Lately, I've been perusing garden books and catalogs and visiting web sites where images of green growing things abound. Giving no consideration to my designated USDA plant hardiness zone, or my gardening abilities, I want everything I see. Dreams rise from these pages and sites.

I've also been contemplating our courtyard, where space is divided into beds and walkways. Tiny tufts of Mexican feather grass, festive pink muhly, and English lavender - all from local nurseries - have been planted. We're going for a mostly drought-resistant, low-maintenance garden. 

Roses from the Antique Rose Emporium in Brenham, Texas, are also in the ground.

There's Mlle. Franiska Kruger - a shrub that produces yellow flowers tinged with apricot.

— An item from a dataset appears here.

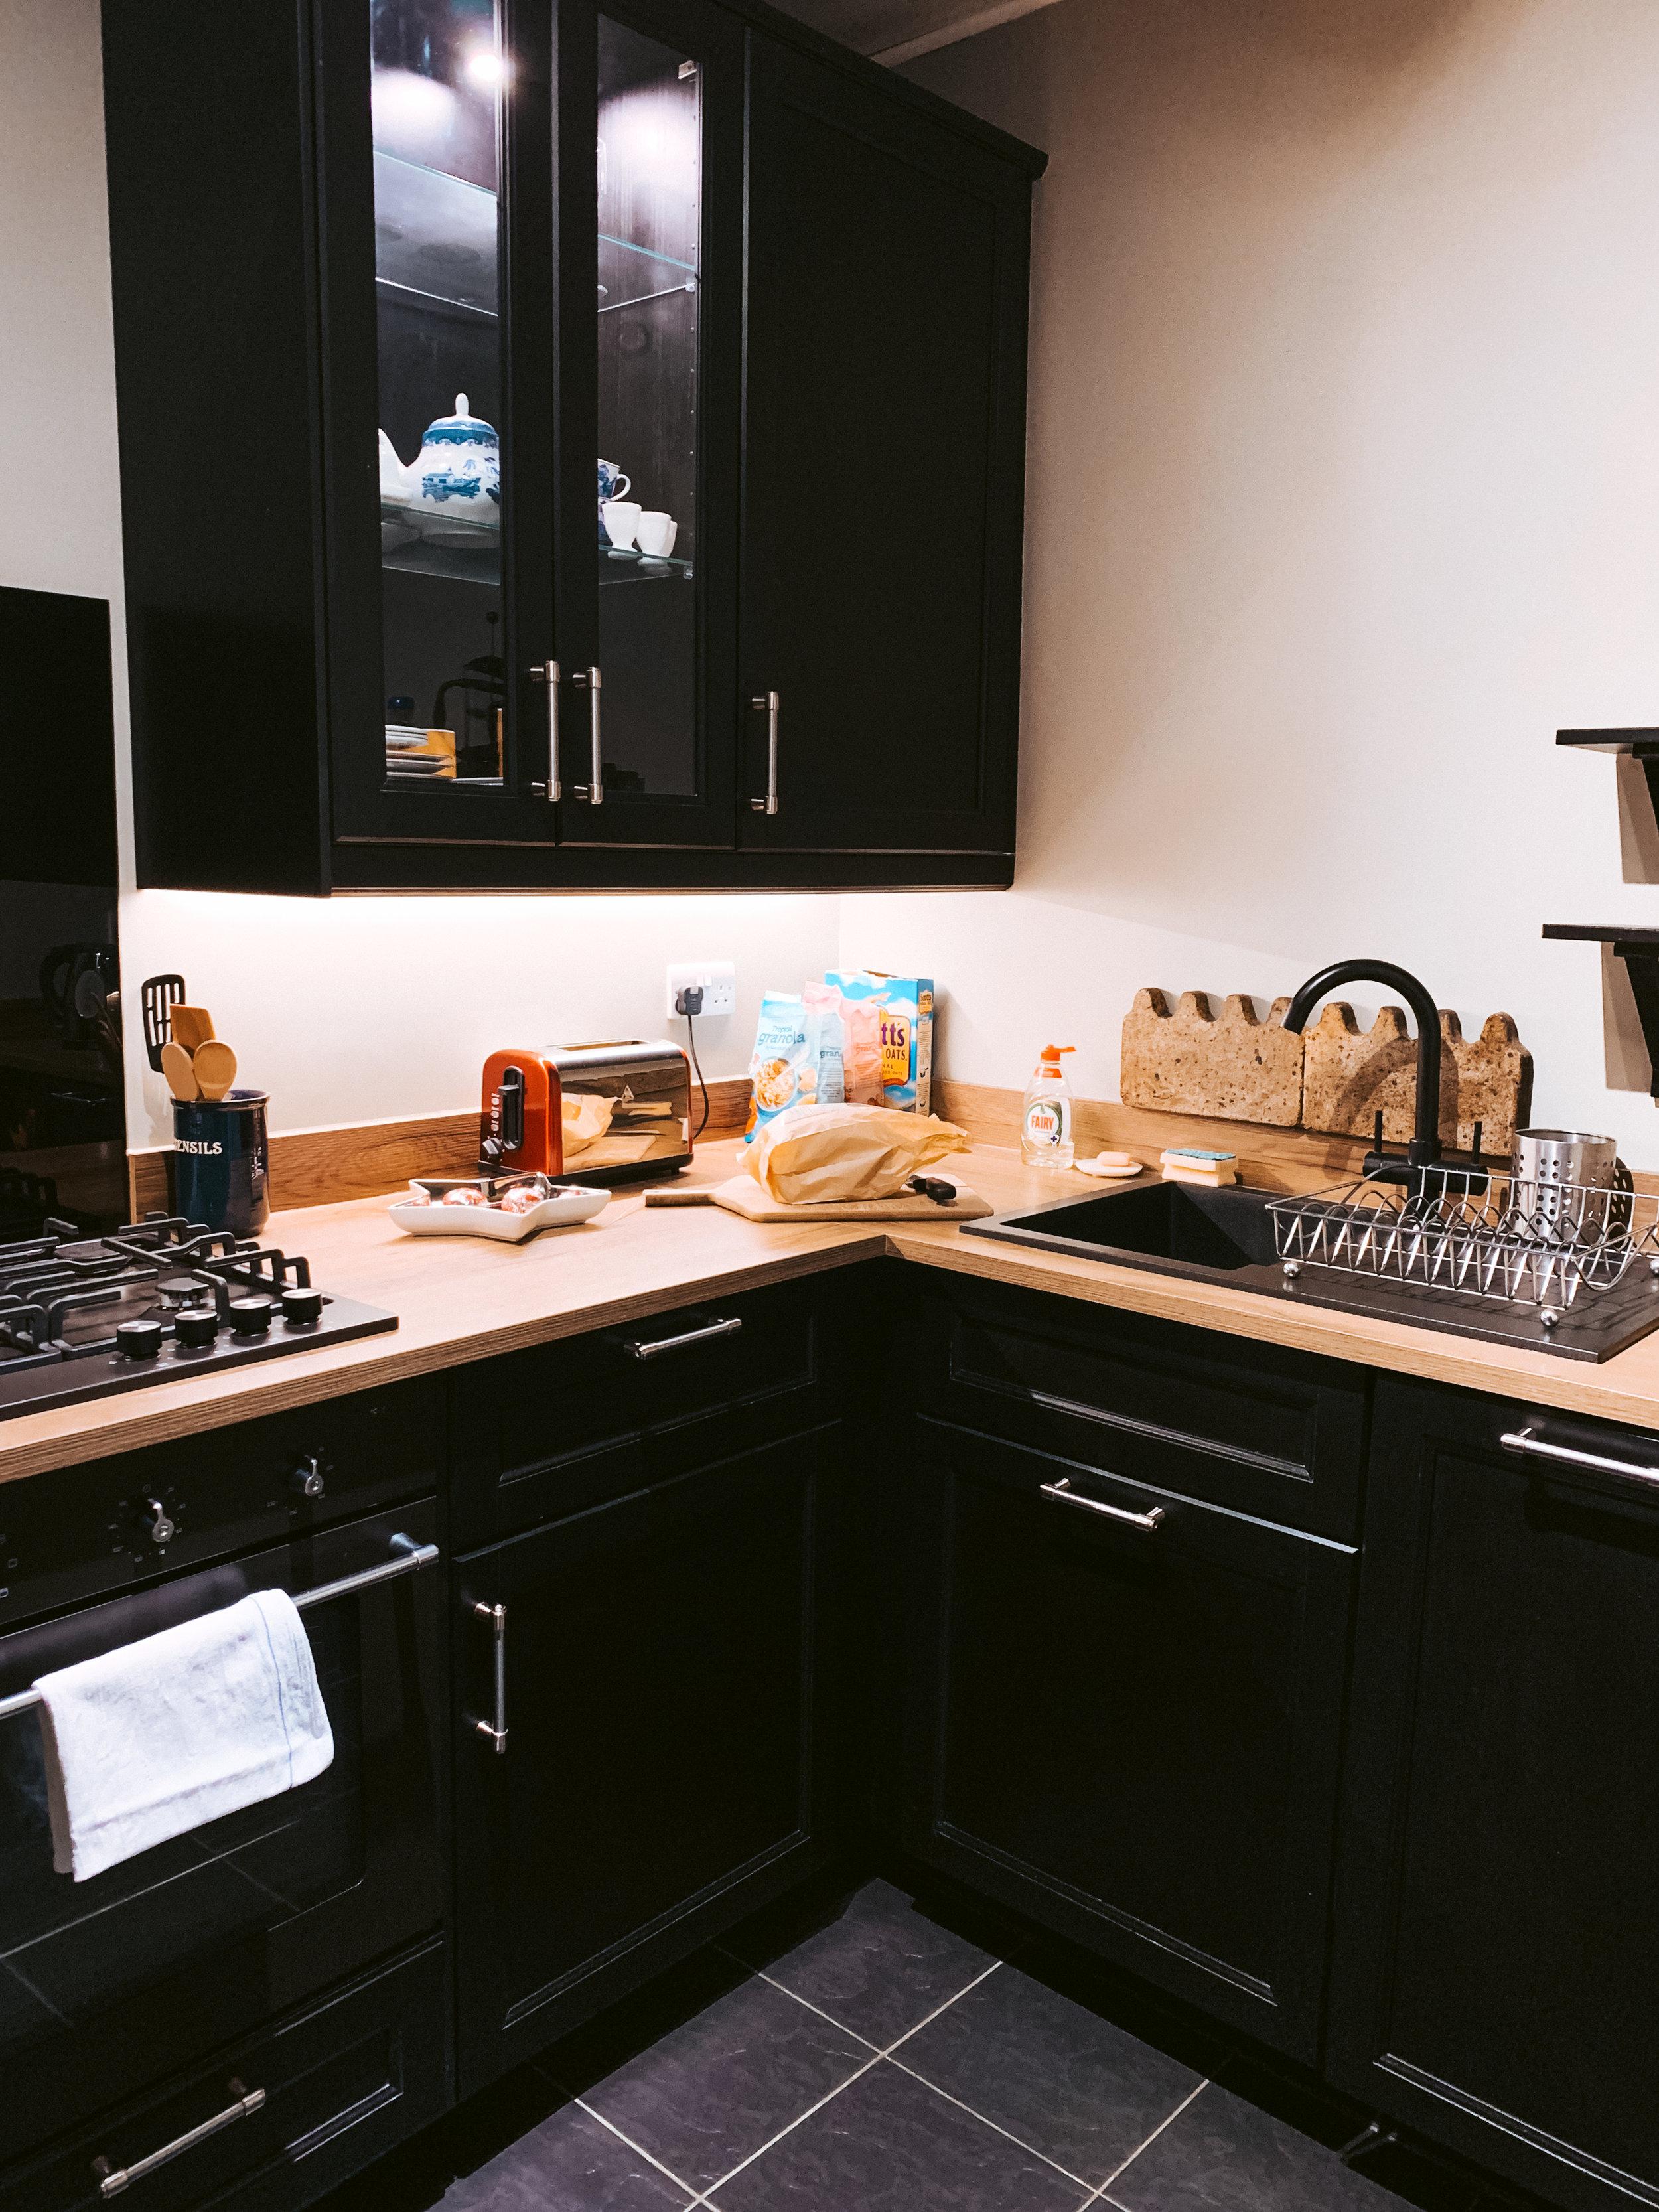 LSS Edinburgh Scotland Airbnb
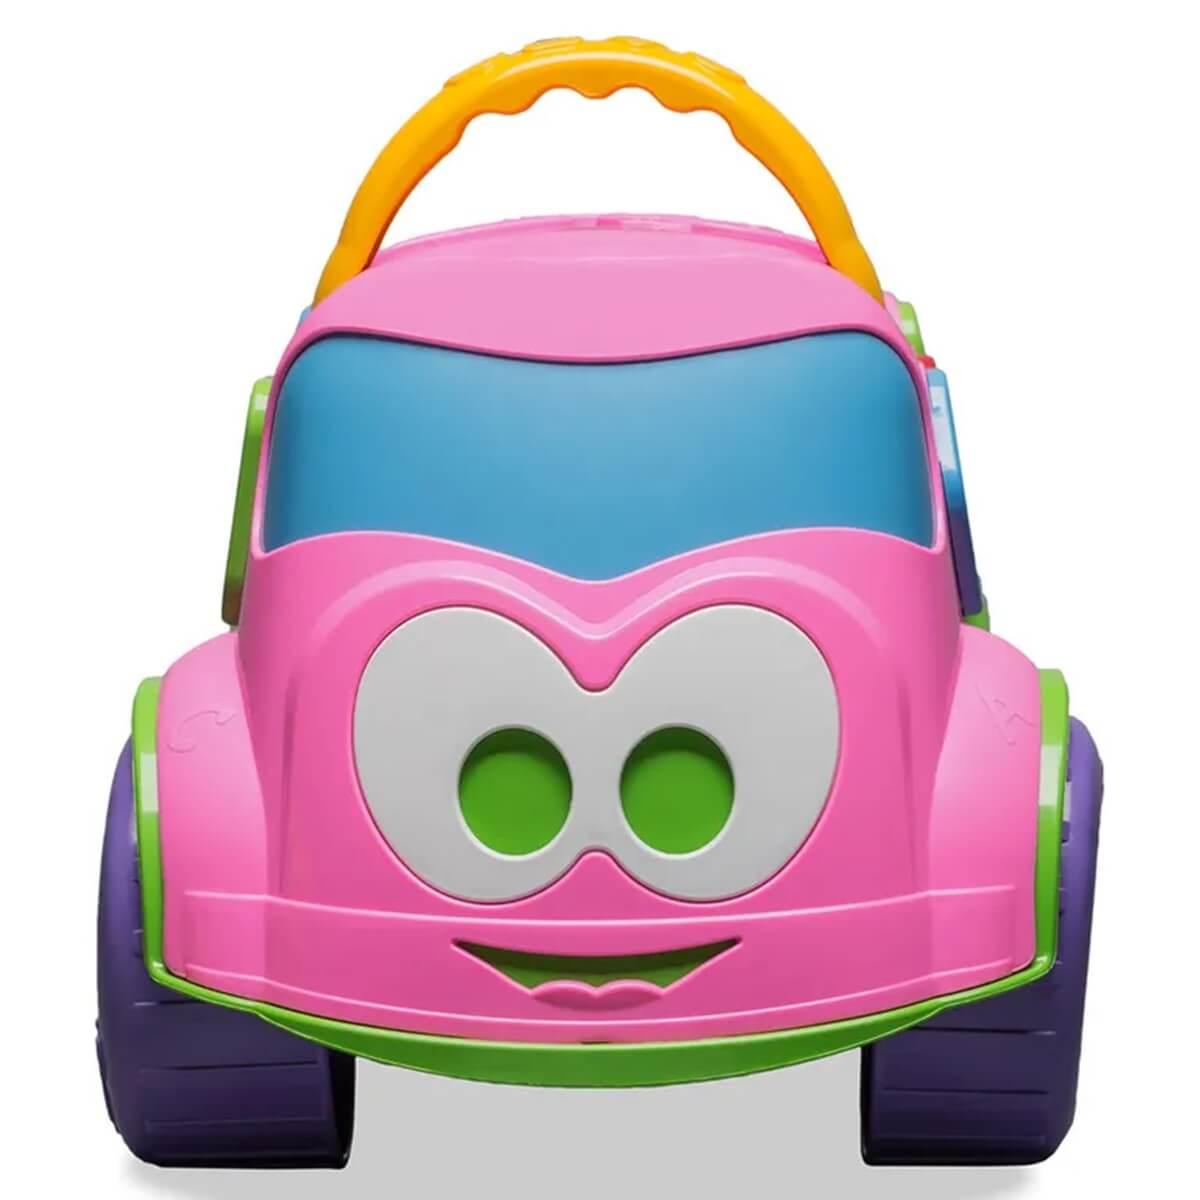 Carrinho Educativo Baby Land Dino Cardoso Toys 3028

There's Madame Alfred Carriere - a climber described as having "intensely fragrant" flowers that turn from the palest of pinks to a creamy white.

And Mermaid - a climber that promises saucer-sized, creamy yellow flowers.

I can imagine those climbers covering the south-facing courtyard wall. Their blooms, pale in color, holding their own by day and turning into a moonlight garden by night.

The courtyard doesn't look like much now - but I can imagine tall grases waving in the wind, aprigs of lavender adding fragrance to a room, a vase of roses on a dinning room table.

Some day - we'll capture rainwater in a storage tank. And we'll add more plants that attract hummingbirds, butterflies, bees.

Gardening directs thought toward tomorrow. It gives shape to dreams and ambitions. Desire becomes tangible. Think about Eden and the words of Sir Francis Bacon, "God Almighty first planted a garden."